Javier Bardem se siente como un detective: debe encontrar un móvil. No el del crimen, sino el que lleva al personaje a actuar de una manera. En su última película, “Mar adentro”, de Alejandro Amenábar, ha estado meses preguntándose por qué el tetrapléjico Ramón Sampedro eligió la muerte frente a la vida. Como el gran transformista que es, aprendió los gestos de una persona inmóvil en una cama durante 28 años y se sometió a duras sesiones de maquillaje. Éste es el resultado de sus pesquisas.
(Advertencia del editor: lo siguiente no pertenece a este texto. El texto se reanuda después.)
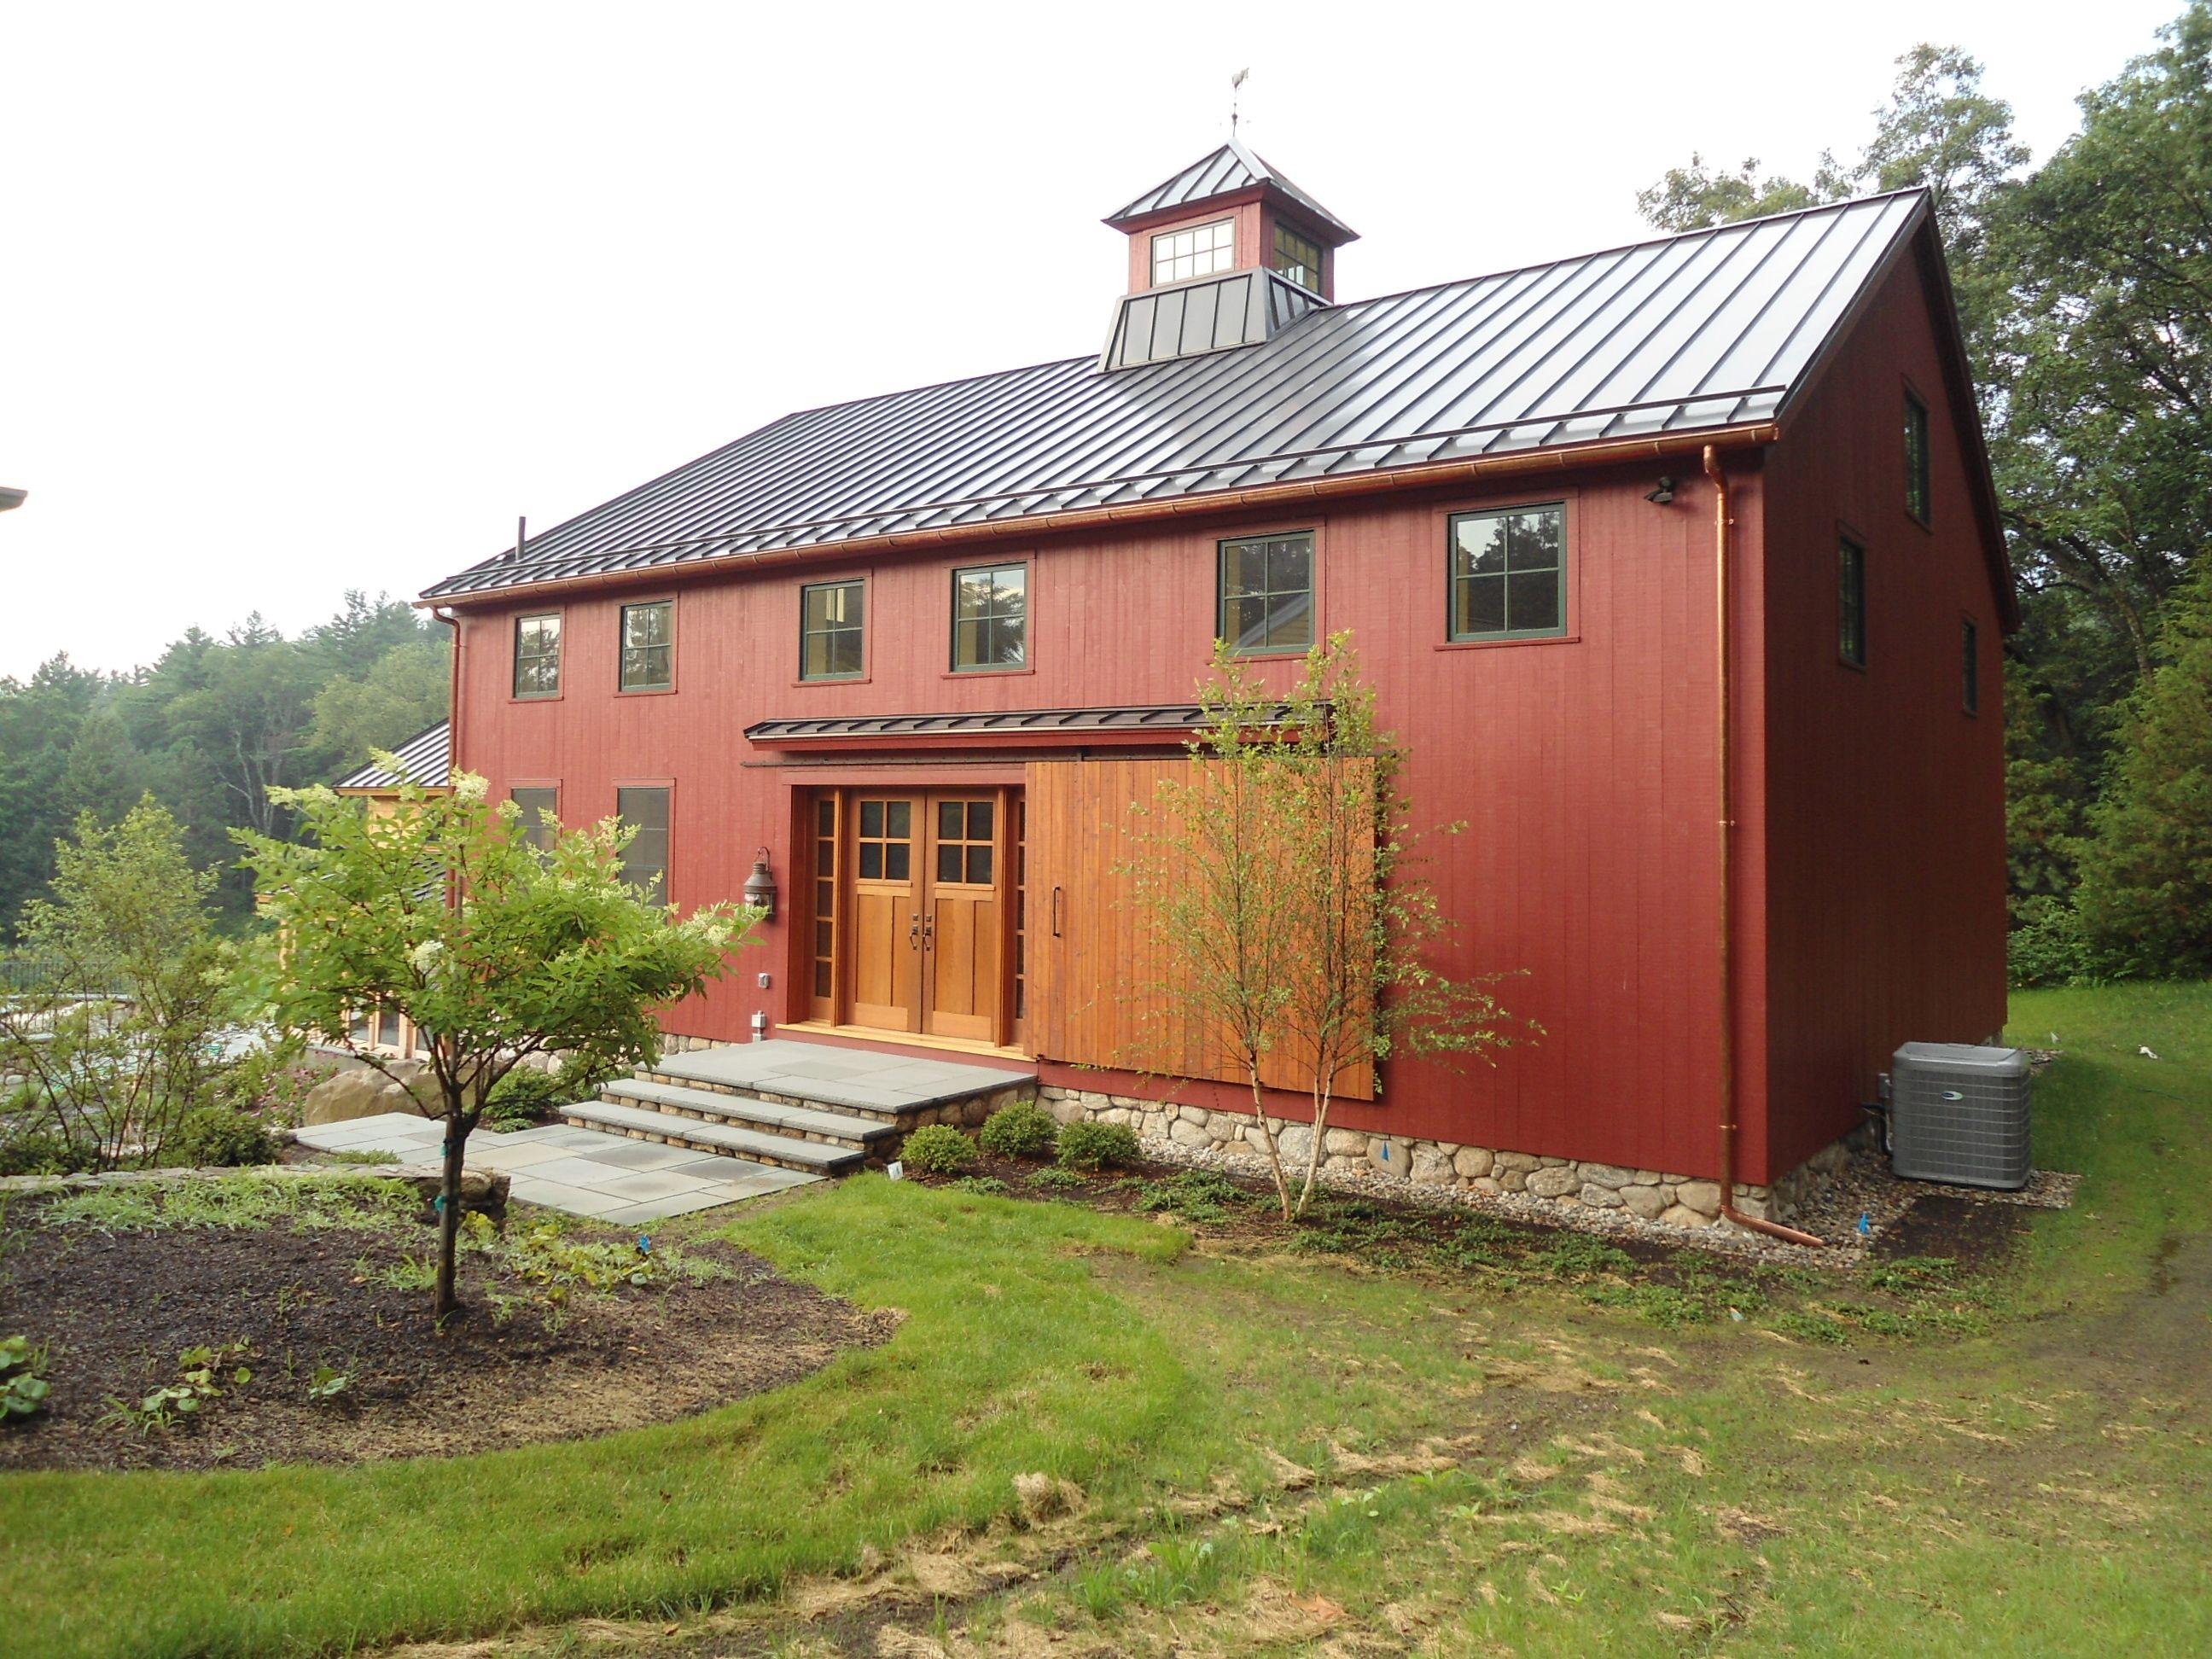 Timberframe family entertainment barn with half basketball court ...

Nunca sabremos si Ramón Sampedro era un personaje en busca de autor. Él se explicó a sí mismo en dos libros antes de fallecer, en 1998. También mostró al mundo en un vídeo sus últimos y agónicos minutos de vida. Lo que sí sabemos ahora es que el tetrapléjico gallego se ha convertido efectivamente en un personaje, del celuloide, que ha encontrado a un autor, Alejandro Amenábar, y también a un actor, Javier Bardem. Lo que no es poca cosa.
La realidad es bien conocida. El marinero Sampedro, natural de Xuño (A Coruña), sufre un accidente que le condena a una silla de ruedas. La rechaza y vive inmóvil en su cama durante 28 años. Hace poesía de su drama, publica versos y se alza contra una sociedad que no le permite morir con dignidad. “A mi lado tengo un vaso con agua y cianuro. Cuando lo beba habré renunciado a la más humillante de las esclavitudes: ser una cabeza viva pegada a un cuerpo muerto”, dice a la cámara doméstica. Ingiere ese brebaje un 12 de enero, abriendo un nuevo debate sobre la eutanasia. Su historia termina atrapando a Amenábar. Y luego, a Bardem. Y aquí empieza la ficción, que no será conocida hasta el 3 de septiembre con el estreno de Mar adentro, título también de uno de los poemas del protagonista.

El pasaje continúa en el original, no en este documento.